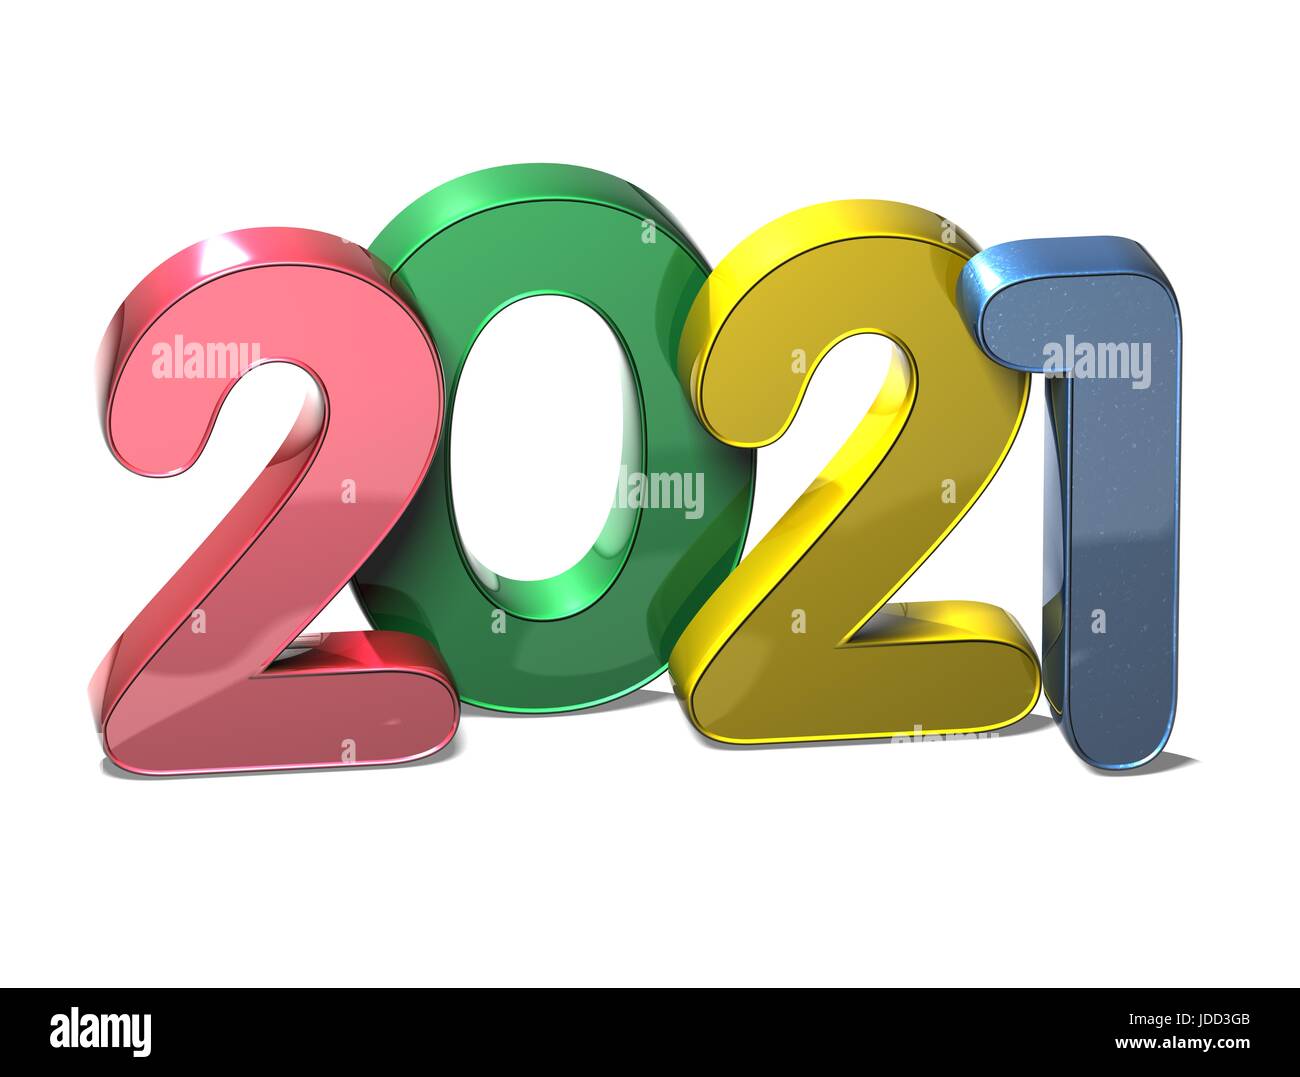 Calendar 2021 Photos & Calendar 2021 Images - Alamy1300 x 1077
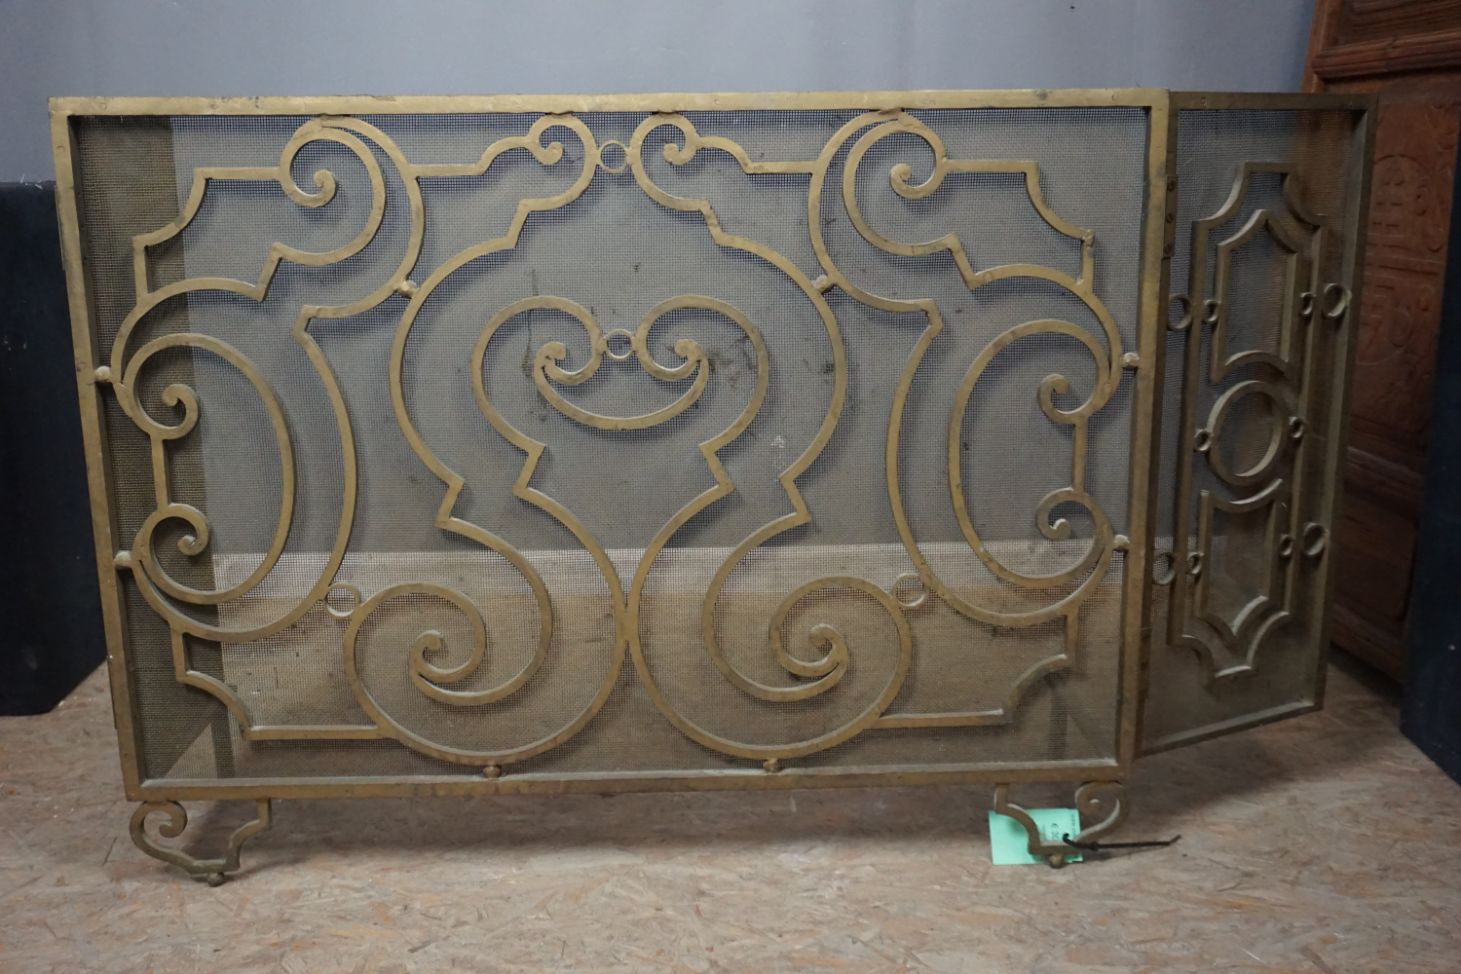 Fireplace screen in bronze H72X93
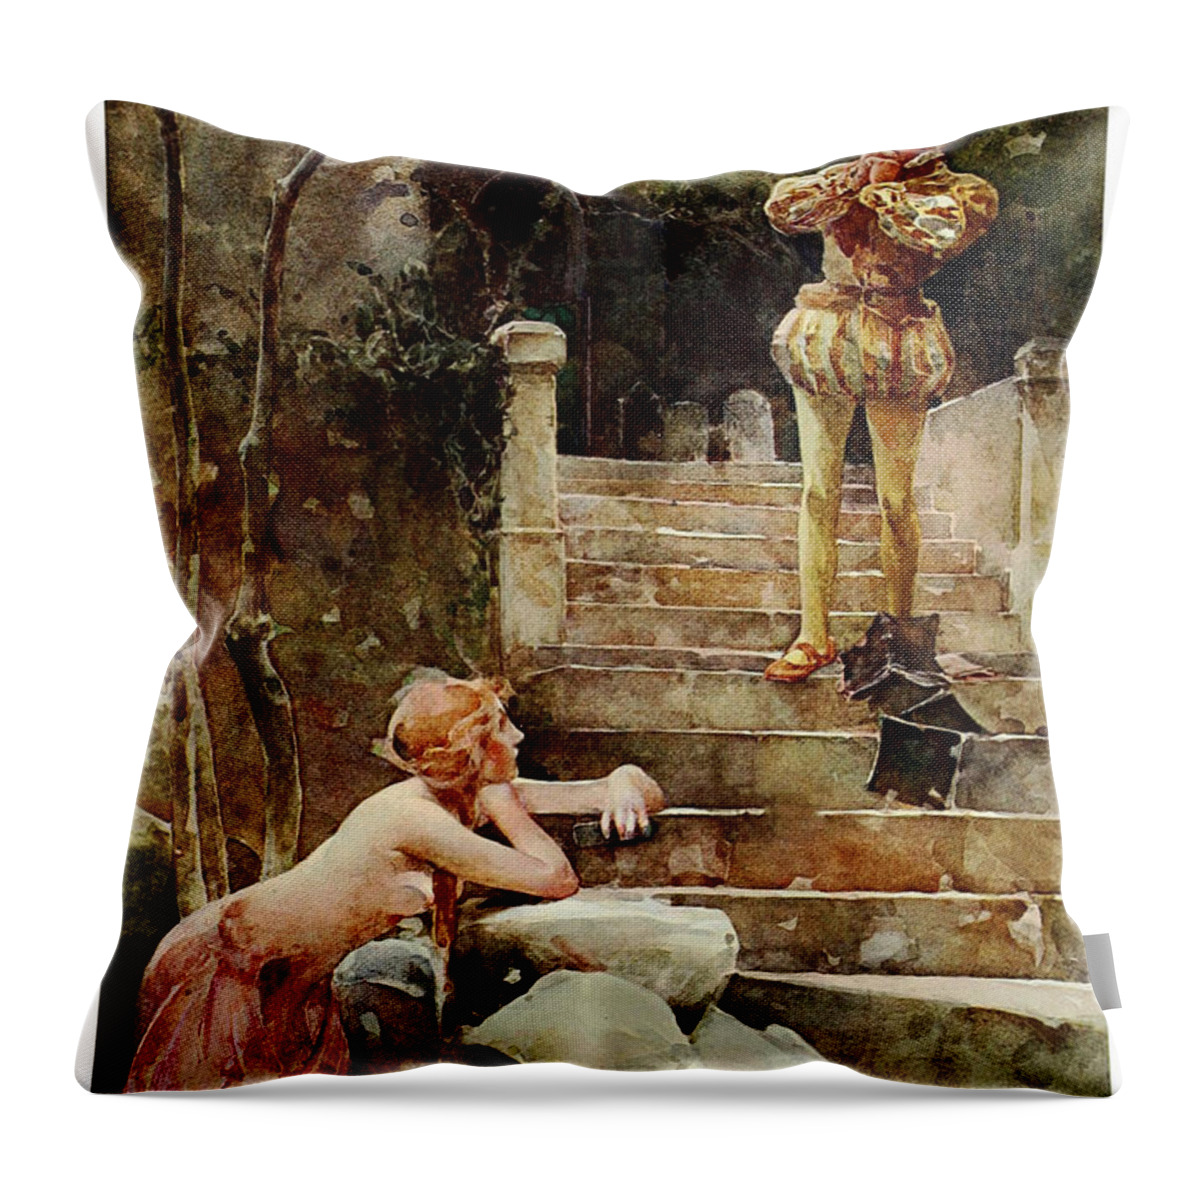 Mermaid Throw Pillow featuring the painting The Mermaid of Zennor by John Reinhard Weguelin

#### The problem:
From the first line to the last, transcribe the listing exactly; skip the pictures.

#### Exercise output:
 Calendar 2021 Photos & Calendar 2021 Images - Alamy1300 x 1077
 Fireplace screen in bronze H72X93
 Mermaid Throw Pillow featuring the painting The Mermaid of Zennor by John Reinhard Weguelin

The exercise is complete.